19 Stan CSV File Format

The output from all CmdStan methods is in CSV format. A Stan CSV file is a data table where the columns are the method and model parameters and quantities of interest. Each row contains one record’s worth of data in plain-text format using the comma character (‘,’) as the field delimiter (hence the name).

For the Stan CSV files, data is strictly numerical, however, possible values include both positive and negative infinity and “Not-a-Number” which are represented as the strings NaN, inf, +inf, -inf. All other values are written in decimal notation with at most 6 digits of precision.

Stan CSV files have a header row containing the column names. They also make extensive use of CSV comments, i.e., lines which begin with the # character. In addition to initial and final comment rows, some methods also put comment rows in the middle of the data table, which makes it difficult to use many of the commonly used CSV parser packages.

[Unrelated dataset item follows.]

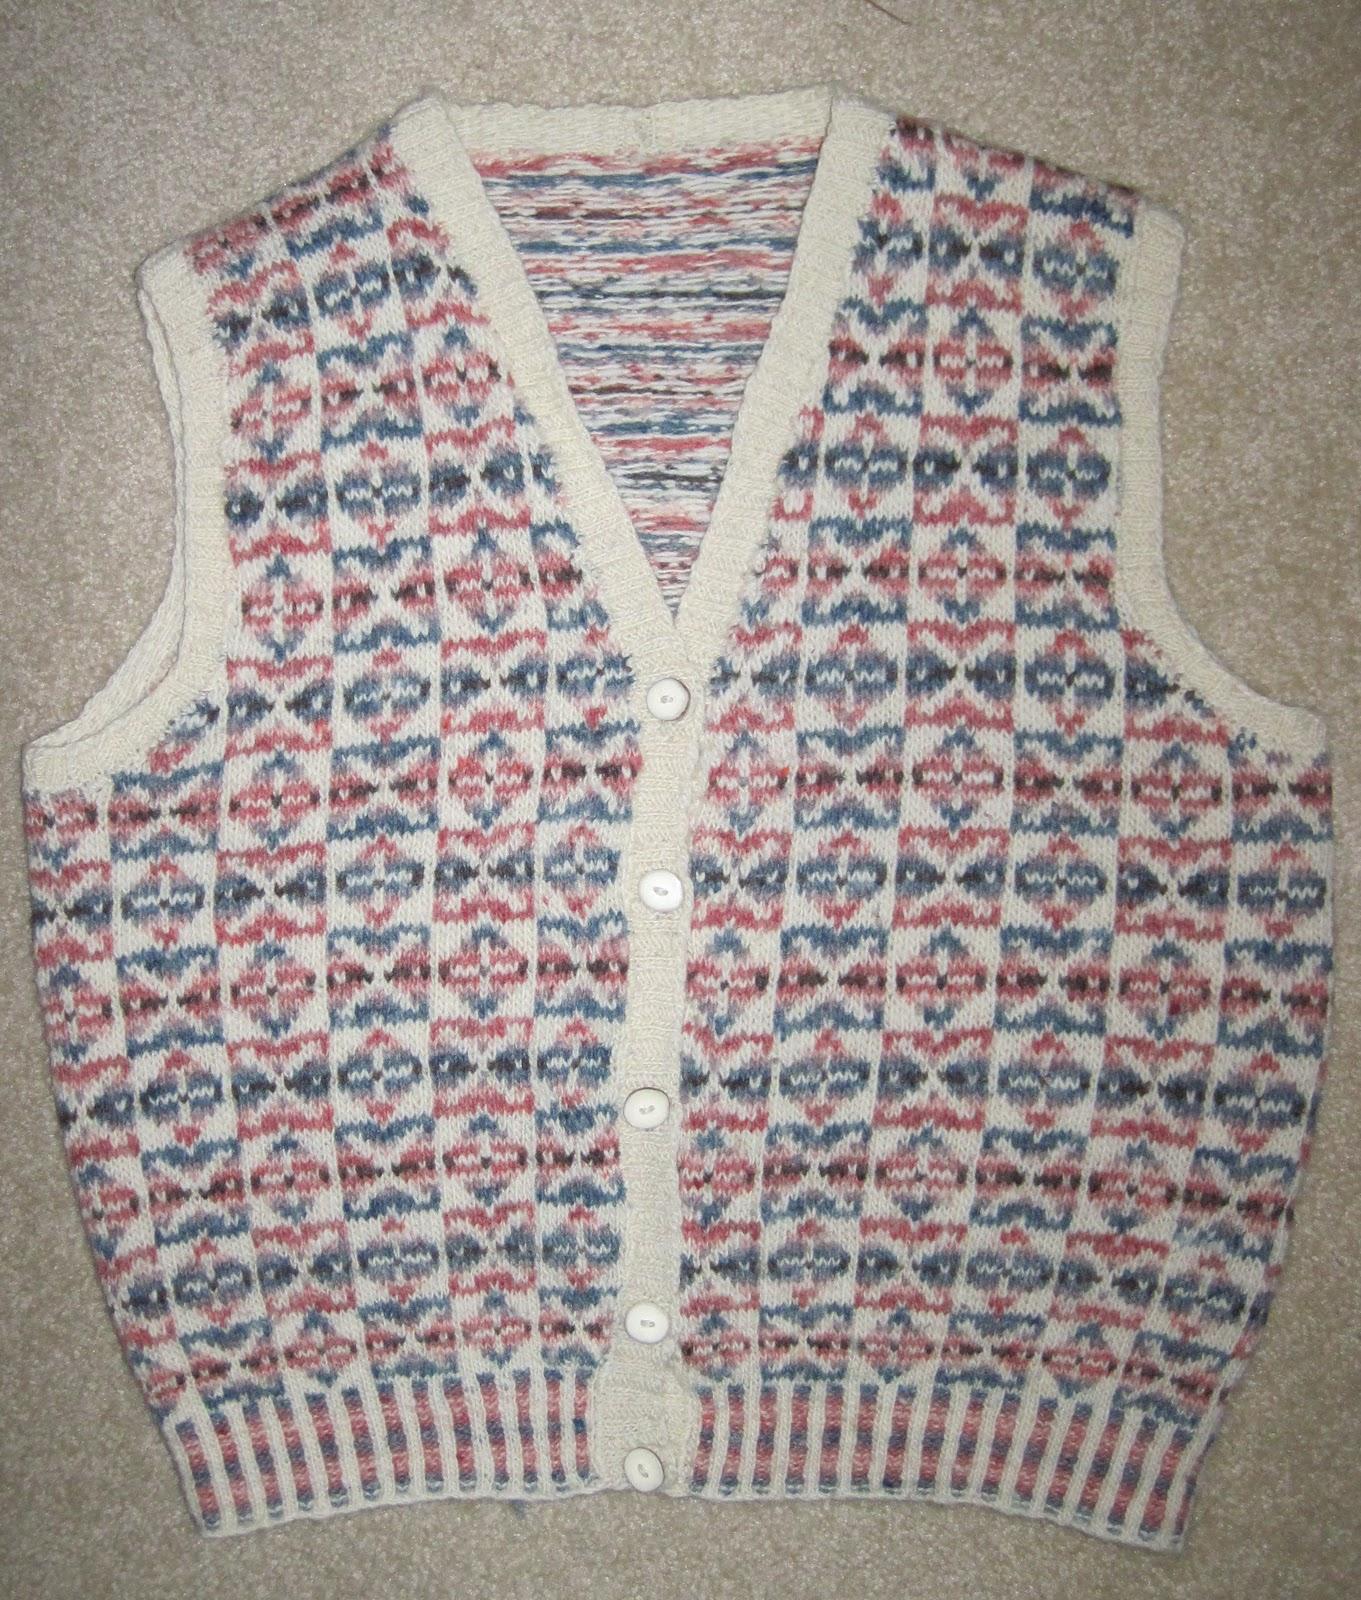 Fair Isle Knitting Patterns : Spinsjal fair isle knitting

19.1 CSV column names and order

The data table is laid out with zero or more method-specific columns followed by the Stan program variables declared in the parameter block, then the variables in the transformed parameters block, finally variables declared in the generated quantities, in declaration order.

Stan provides three types of container objects: arrays, vectors, and matrices. In order to output all elements of a container object, it is necessary to choose an indexing notation and a serialization order. The Stan CSV file indexing notation is

  • The column name consists of the variable name followed by the element indices.
  • Indices are delimited by periods (‘.’).
  • Indexing is 1-based, i.e., given a dimension of size \(N\), the first element index is \(1\) and the last element index is \(N\).

Container variables are serialized in column major order, a.k.a. “Fortran” order. In column major-order, all elements of column 1 are listed in ascending order, followed by all elements of column 2, thus the first index changes the slowest and the last index changes the fastest.

To see how this works, consider a 3-dimensional variable with dimension sizes 2, 3, and 4, e.g., an array of matrices, a 2-D array of vectors or row_vectors, or a 3-D array of scalars. Given a Stan program with model parameter variable:

 real foo[2, 3, 4];

The Stan CSV file will require 24 columns to output the elements of foo. The first 6 columns will be labeled:

foo.1.1.1, foo.1.1.2, foo.1.1.3, foo.1.1.4, foo.1.2.1, foo.1.2.2

The final 6 columns will be labeled:

foo.2.2.3, foo.2.2.4, foo.2.3.1, foo.2.3.2, foo.2.3.3, foo.2.3.4

19.2 MCMC sampler CSV output

The sample method produces both a Stan CSV output file and a diagnostic file which contains the sampler parameters together with the gradients on the unconstrained scale and log probabilities for all parameters in the model.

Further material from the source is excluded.